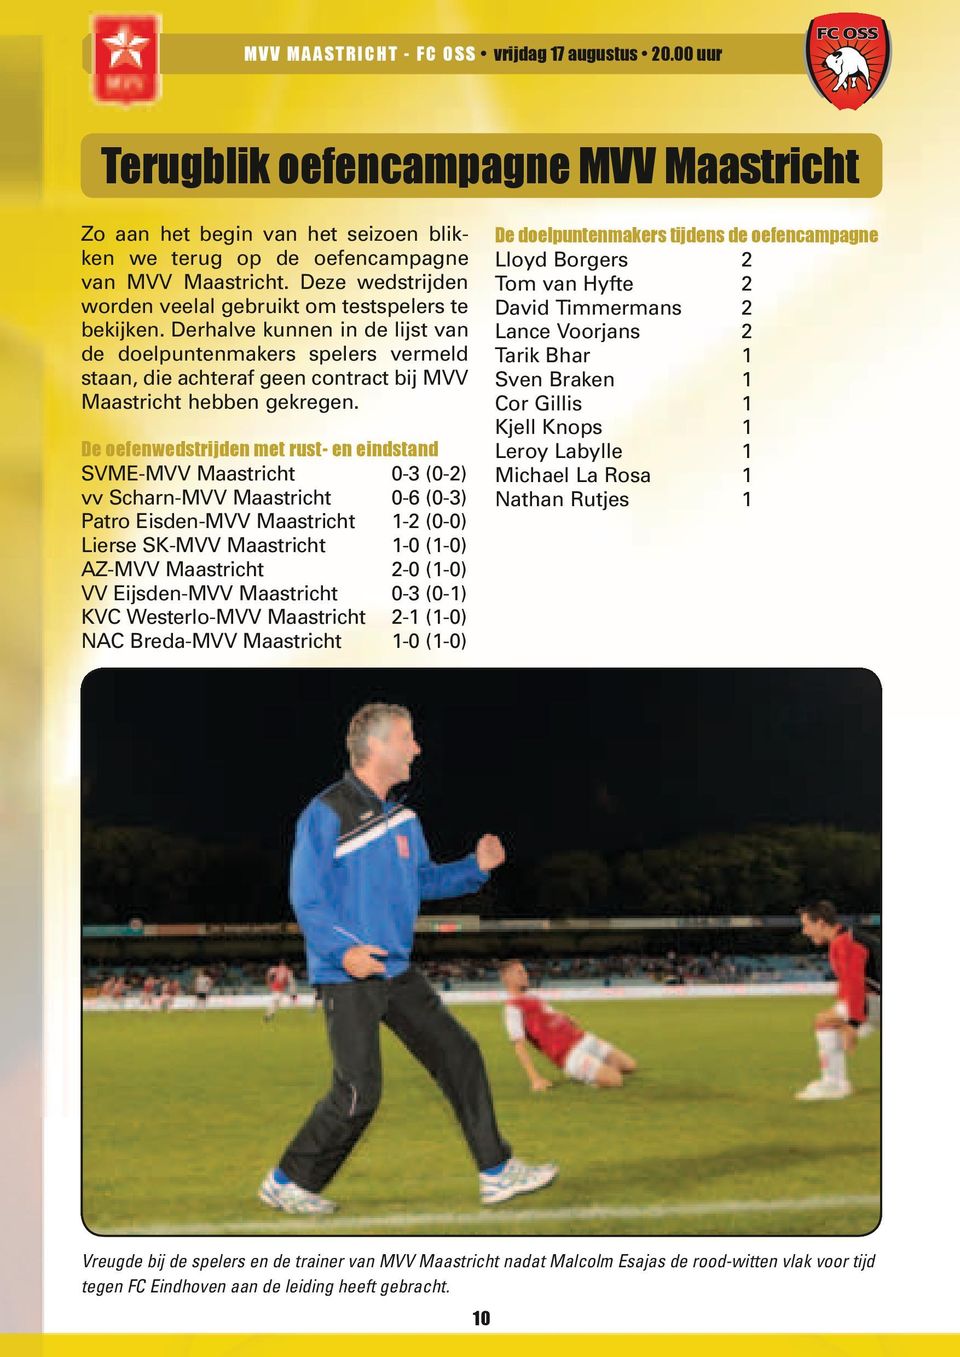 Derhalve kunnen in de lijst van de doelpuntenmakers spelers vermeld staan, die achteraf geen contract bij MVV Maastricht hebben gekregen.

--

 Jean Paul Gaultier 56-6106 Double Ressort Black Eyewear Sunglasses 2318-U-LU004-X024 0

--

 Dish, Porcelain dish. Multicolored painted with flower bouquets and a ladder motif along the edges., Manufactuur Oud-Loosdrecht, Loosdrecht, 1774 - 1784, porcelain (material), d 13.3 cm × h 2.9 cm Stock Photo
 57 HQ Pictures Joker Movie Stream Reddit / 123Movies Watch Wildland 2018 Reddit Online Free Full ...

:: Required action ::
Print exactly the lines above, between the one holding "Dish, Porcelain dish." and the one holding "57 HQ Pictures", inclusive, and nothing besides.

:: Solution below ::
 Dish, Porcelain dish. Multicolored painted with flower bouquets and a ladder motif along the edges., Manufactuur Oud-Loosdrecht, Loosdrecht, 1774 - 1784, porcelain (material), d 13.3 cm × h 2.9 cm Stock Photo
 57 HQ Pictures Joker Movie Stream Reddit / 123Movies Watch Wildland 2018 Reddit Online Free Full ...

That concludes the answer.